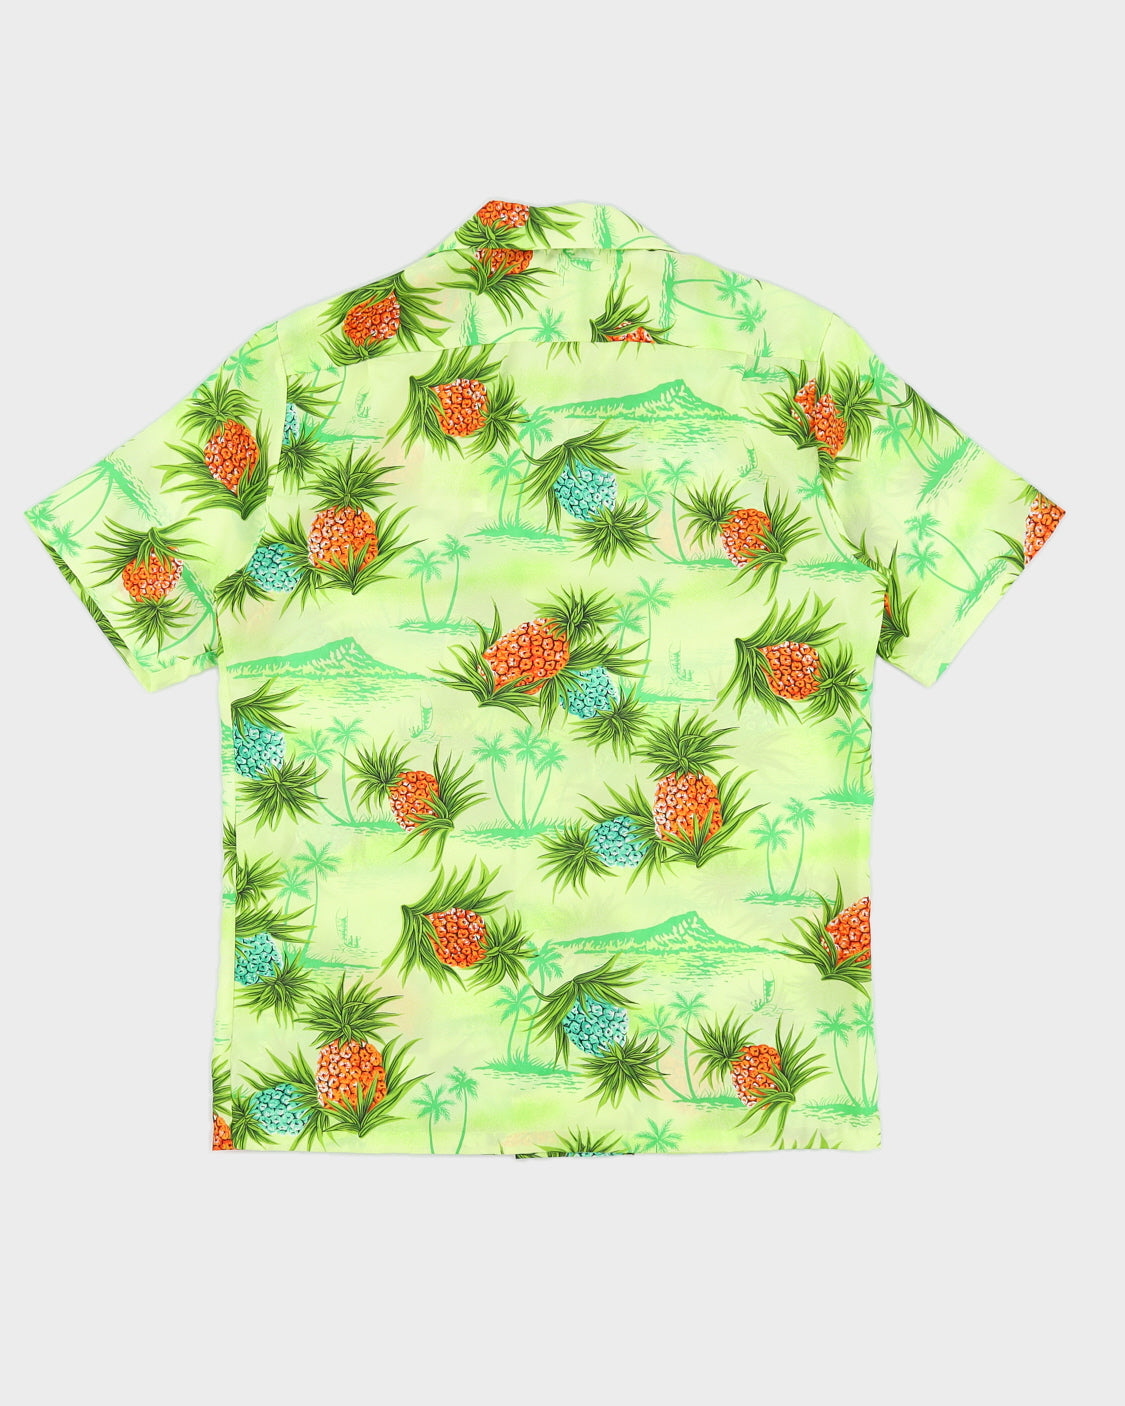 Vintage 70s Pomare Hawaiian Pineapple Shirt - M
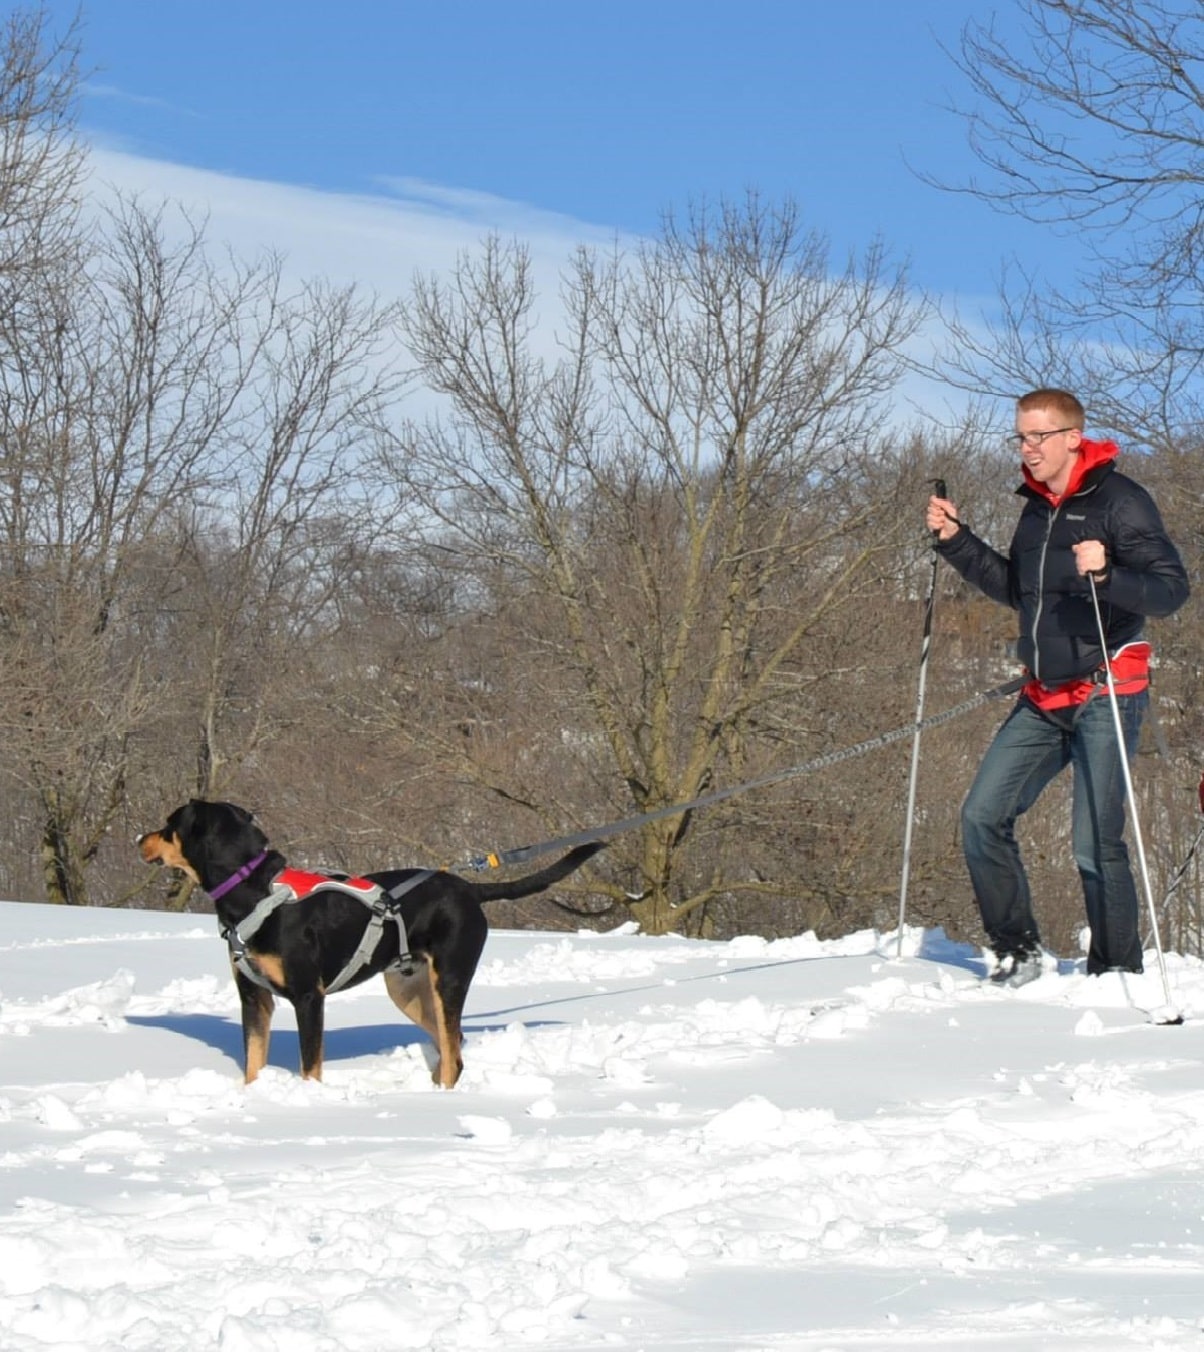 Zachery Gries and dog ski-joring
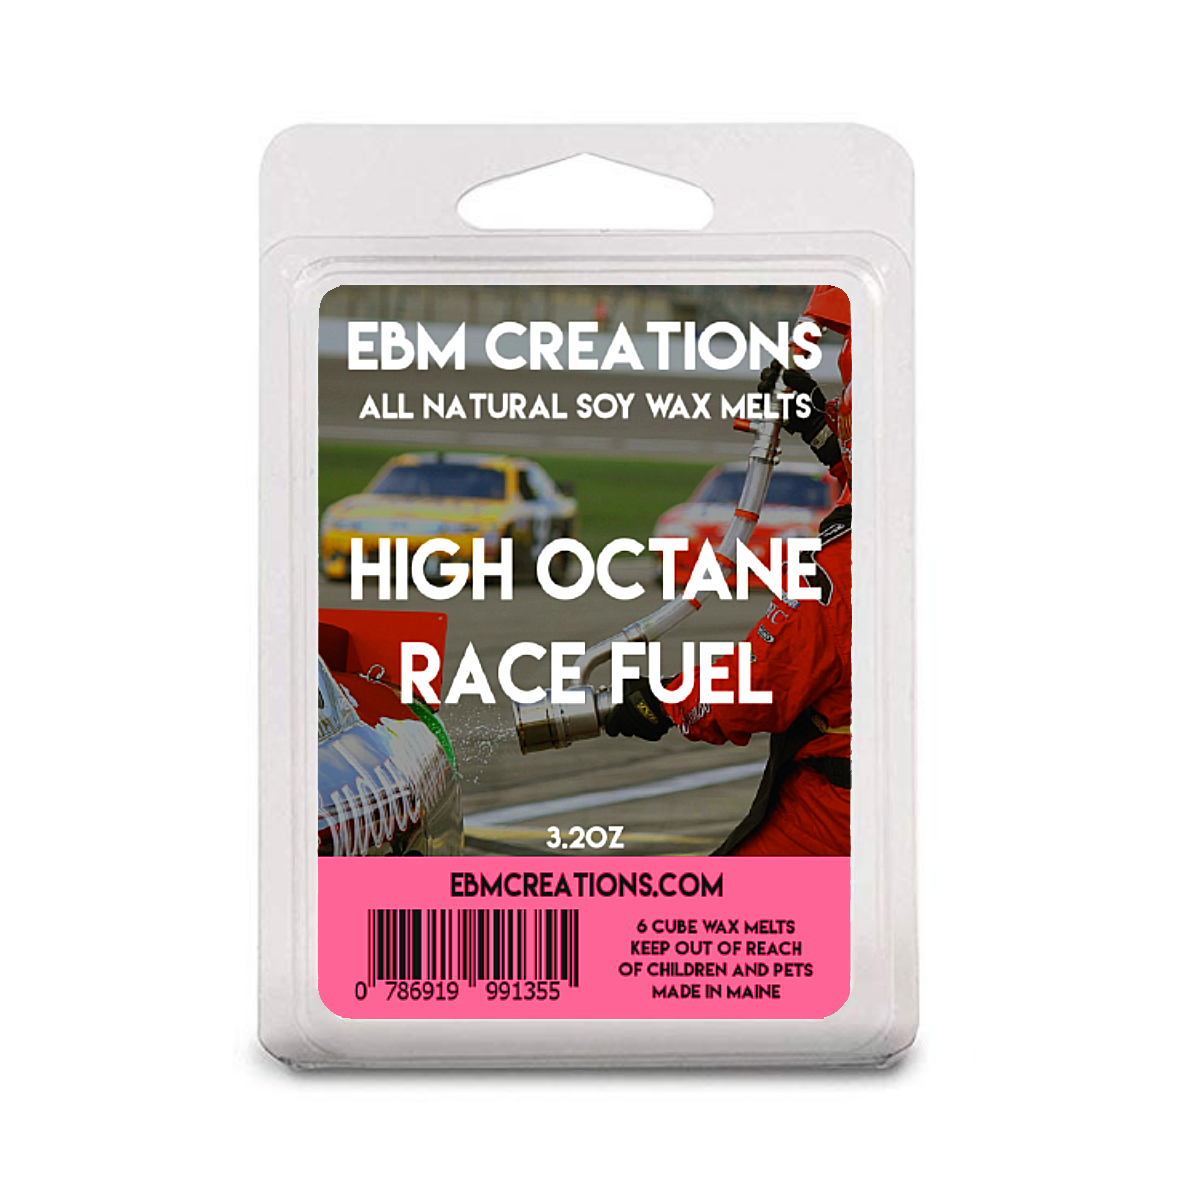 High Octane Race Fuel - 3.2 oz Clamshell
========================================
--- About this task ---
Produce a verbatim transcription of every line in the listing, images omitted.

--- Written response ---
 Vintage 70s Pomare Hawaiian Pineapple Shirt - M
 Zachery Gries and dog ski-joring
 High Octane Race Fuel - 3.2 oz Clamshell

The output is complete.